American children's book author

Donna Barba Higuera is an American children's book author. Her debut novel, Lupe Wong Won't Dance, was a Pura Belpré Award honor book and PNBA winner in 2021. Her middle grade dystopian novel, The Last Cuentista, won the 2022 Newbery Medal and the Pura Belpré Medal.

==Biography==
Donna grew up in Central California, surrounded by agricultural and oil fields. As a child, she could be found reading a good book. Her favorite hobbies were calling dial-a-story over and sneaking into cemeteries to inspire her spooky tales using the headstones.

Donna's Middle Grade and Picture Books are about kids who find themselves in odd or scary situations. She explores themes such as: language and cultural differences and living a biracial life. Donna likes to write about all things funny, but also sad, and creepy, and magical.

Donna lives in Washington State with her family, three dogs and two frogs. Outside of writing, Higuera works in healthcare.

== Selected works ==

=== Lupe Wong Won't Dance (2020) ===

Lupe Wong Won't Dance is a middle-grade sports novel published September 8, 2020 by Levine Querido. Mason London illustrated the cover, and Libia Brenda translated the Spanish-language edition.

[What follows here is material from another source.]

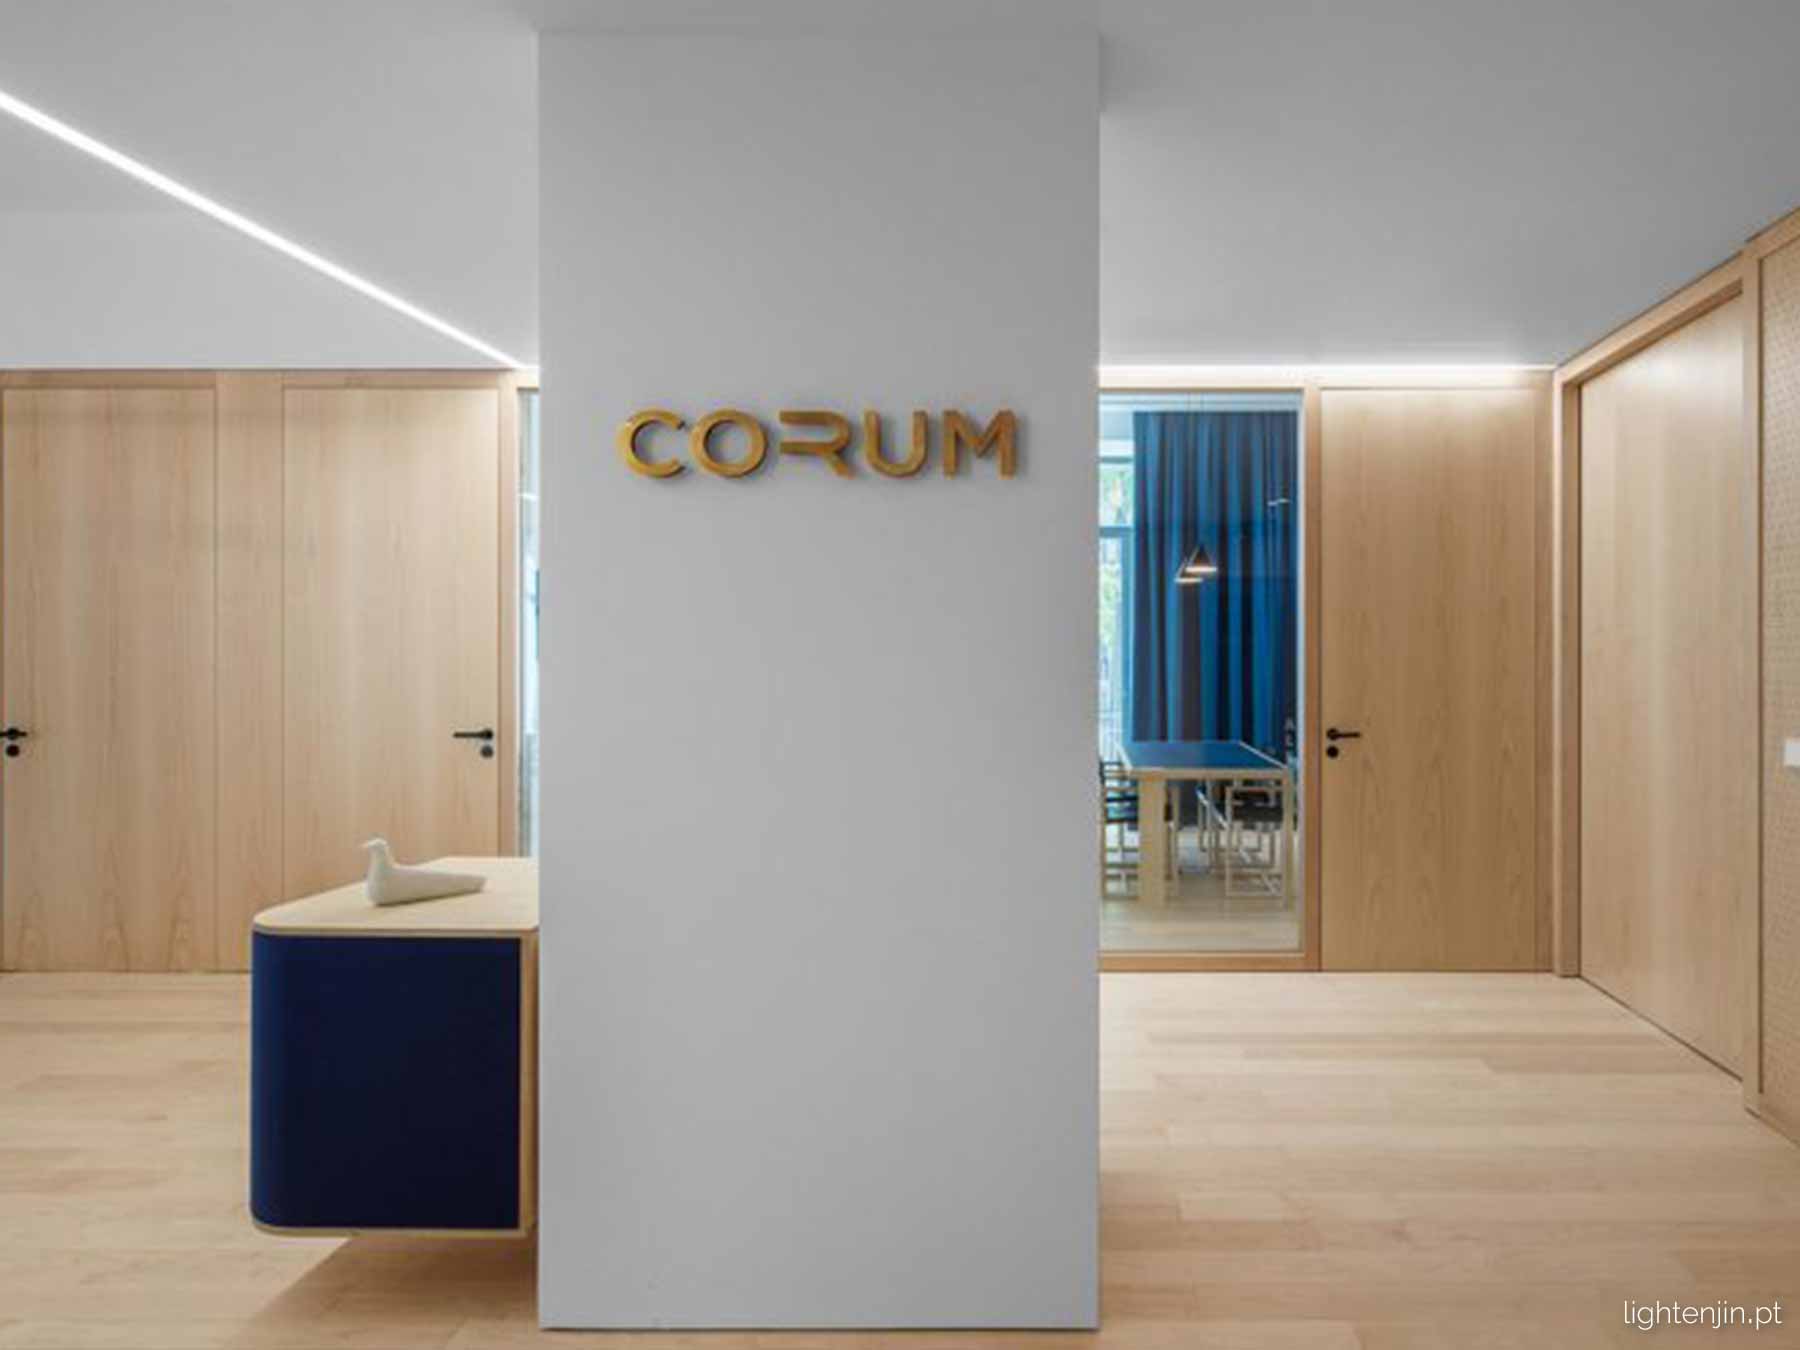 Escritórios Corum Investments - Lisboa

Summary of the book: Lupe Wong is determined to be the first female pitcher in the Major Leagues. She’s also championed notable causes and trivial issues like expanding the options for race on school tests beyond just a few bubbles or complaining to the BBC about the gap between Doctor Who seasons. She needed an A grade in all her classes in order to meet Fu Li Hernandez.

=== The Last Cuentista (2021) ===

The Last Cuentista was published by Levine Querido and edited by Nick Thomas. In Higuera's novel, 12-year-old Petra Peña and her family are among those chosen to escape Earth before Halley's Comet collides with the planet;she will have to leave many things behind like her home, her friends, and of course her Abuelita or Grandmother. However, after waking up from a 357-year sleep, everyone's memories had been erased except Petra's. Previous Newbery winner Tae Keller said The Last Cuentista
 “certainly veers into the dark end of middle-grade fiction, with brainwashing, ‘purging’, and, yes, the destruction of our entire planet ... but it doesn’t dwell in the darkness, preferring to give its readers healthy doses of hope, wonder and page-turning action.”
The inspiration for The Last Cuentista came from a writing exercise involving the fairy tale "The Princess and the Pea".

== Awards and honors ==
The Spanish-language translation of Lupe Wong Won't Dance (Lupe Wong No Baila) and The Last Cuentista are Junior Library Guild books.

Booklist included Lupe Wong Won't Dance on their 2021 lists of the top ten "Best Middle-Grade Debuts" and "Best Sports Books for Youth."

The Last Cuentista was named one of the best children's books of the year by BookPage, The Boston Globe, the Chicago Public Library, Kirkus Reviews, the New York Public Library, Publishers Weekly, School Library Journal, TIME, and The Wall Street Journal.

Awards for Higuera's writing
Year: Title; Award; Result; Ref.
2020: Lupe Wong Won't Dance; ALSC Notable Children's Books; Selection
Booklist Editors' Choice: Books for Youth: Selection
2021: PNBA Book Award; Winner
Pura Belpré Award for Children's Author: Honor
Sid Fleischman Humor Award: Winner
The Last Cuentista: Cybils Award for Elementary and Middle Grade Speculative Fiction; Finalist
2022: Newbery Medal; Winner
Pura Belpré Award for Children's Author: Winner
2024: Alebrijes; Pura Belpré Award for Children's Author; Honor
2026: Zeta-1: année zéro; Prix Armand Giraud Saint-Jean-d'Hermine; Winner

- Lupe Wong Won't Dance (Levine Querido, 2020)
- El Cucuy Is Scared, Too!, illustrated by Juliana Perdomo (Abrams, 2021)
  - ¡El Cucuy también tiene miedo! (expected 2023)
- The Last Cuentista (Levine Querido, 2021)
  - La última cuentista, translated by Aurora Humarán (Levine Querido, 2022)
- The Yellow Handkerchief, illustrated by Cynthia Alonso (Abrams, 2023)
- Alebrijes (Levine Querido)
- It's Navidad, El Cucuy!, illustrated by Juliana Perdomo (2023)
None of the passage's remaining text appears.